The first VP of Engineering sets the ceiling on everything the company builds after them. They choose the architecture, the bar for what ships, and the people who will fill the team beneath them. In a consumer company, a bad version of this hire costs you a slow quarter. In a clinical-grade AI company, a bad version of this hire costs you a finding in your first audit, a model that fails quietly in production, and a year spent rebuilding trust you did not know you had spent.
The trouble is that the resume that looks best is often the wrong one. The most decorated candidates come from places where scale was the whole game: billions of requests, famous products, teams that moved fast because nothing they shipped could hurt anyone. That experience is real, and it is not the experience you need. You need someone who has built where errors have consequences, where the question is not only does it work but can you prove it worked, and prove it later, to someone whose job is to doubt you.
This is the hire founders most often get wrong, because the failure mode is invisible at the offer stage. Brilliance interviews well. Scar tissue does not announce itself. You have to go looking for it.
The profile that actually fits
The candidate you want has scaled a platform team inside a regulated environment: health, finance, safety-critical infrastructure, somewhere the regulator was a real presence rather than a slide. They have shipped ML or LLM systems into production where a wrong output had a clinical or compliance consequence, and they have lived with the aftermath of one. They can speak to an audit trail without being prompted: how a decision the system made gets reconstructed months later, who can see what, and what evidence exists that the model in production was the model that was validated.
Note what is not on that list. Raw technical brilliance is necessary but it is table stakes, not the differentiator. The differentiator is judgment formed under constraint: having had to slow down, document, and defend, and having learned to do it without losing the team's speed entirely.
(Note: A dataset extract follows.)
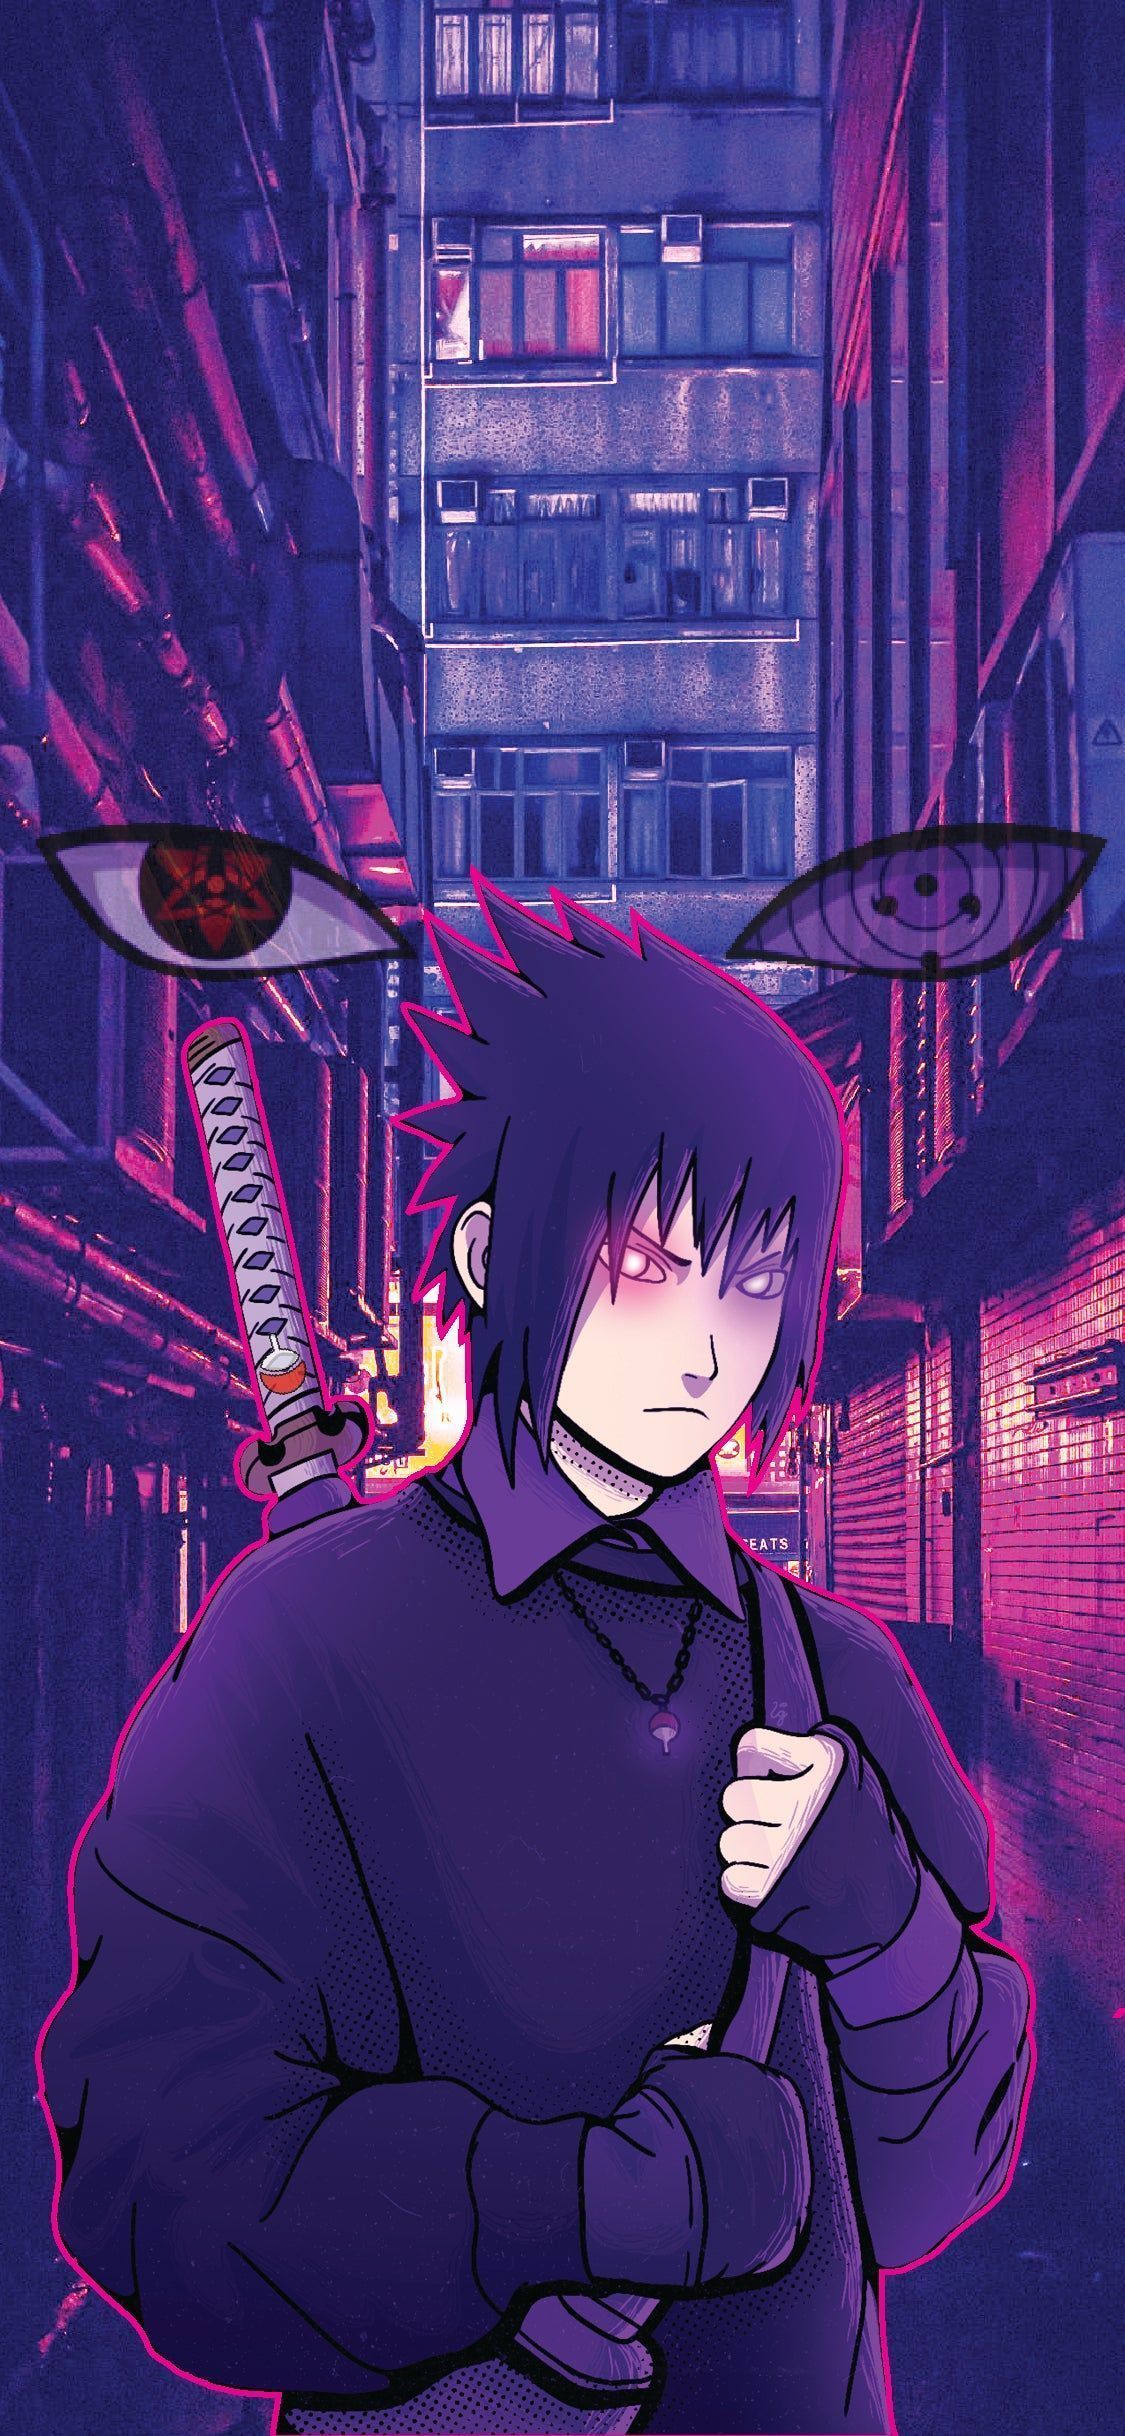 A person with black hair and blue eyes - Sasuke Uchiha

That judgment is hard to teach and harder to fake. It is the thing you are hiring for.
The mis-hire to fear
The classic mis-hire is the brilliant consumer-scale engineer who has never met a compliance officer. They are genuinely excellent. They have shipped things you admire. And the first time someone tells them the model cannot go out until it has been validated against a frozen test set, with the results signed off and stored, they treat the requirement as friction to be routed around rather than the job itself. They optimize for velocity because velocity is the only thing they have ever been rewarded for.
In a clinical context, that instinct is a structural risk. It compounds quietly, and it points the whole team at the wrong reward. The whole point of the role is to carry velocity and validation at once, and a leader who has only ever carried one will pull the team toward the one they know. You will not see it in the first month. You will see it in the first incident.
Velocity is a habit, and so is the discipline that contains it. You are hiring for whichever one the candidate built first.
What to probe in the interview
Do not ask whether they value compliance. Everyone values compliance in an interview. Ask for the stories, and listen for whether the stories have texture: specific decisions, named tradeoffs, consequences they had to own. A candidate who has really done this will not need to be coached toward the hard parts. They will go there on their own, because the hard parts are where the lessons live.
- Walk me through a production incident with a model you shipped. What failed, how did you find out, and how long was it wrong before you knew?
- Tell me about a time you rolled back a model. What was the trigger, who made the call, and what did you wish you had instrumented beforehand?
- Describe a release where validation told you to wait and the business wanted to ship. How did that conversation go, and what did you decide?
- If a regulator asked you to reconstruct a specific decision the system made six months ago, what would you pull, and would it be enough?
- Where have you seen an audit trail done badly? What was missing, and what did it cost?
The rollback question is the most revealing. Anyone can describe shipping. Describing an unship (the decision to pull something back, under pressure, with the cost visible) tells you whether they have the reflex you need. The candidate who has never rolled back a model has either been very lucky or has not been watching closely enough to notice they should have.
How to weight the scorecard
We score this role on a weighted scorecard, calibrated with the founder before any candidate is seen, and scored blind across the panel so the loudest interviewer does not set the verdict. The temptation is to let technical brilliance dominate the weighting, because brilliance is the easiest dimension to feel confident about. Resist it. Brilliance should clear a high bar and then stop earning points. Regulated-environment scar tissue, the evidence that this person has shipped where it counts and learned the right lessons, should carry the weight that decides the hire.
This does not mean settling for a weaker engineer. The candidate who has both is the one to hold out for. It means that when you are choosing between the dazzling generalist and the slightly-less-dazzling leader who has done exactly this before, in this kind of environment, the scorecard should point you at the second one. The first one you can hire later, into a seat where the stakes are lower and the judgment can be learned on something that does not matter as much.
The first engineering leader teaches the company what shipping means. In clinical AI, shipping means it works and you can prove it. Hire the person who already believes that, and the rest of the team will inherit the belief.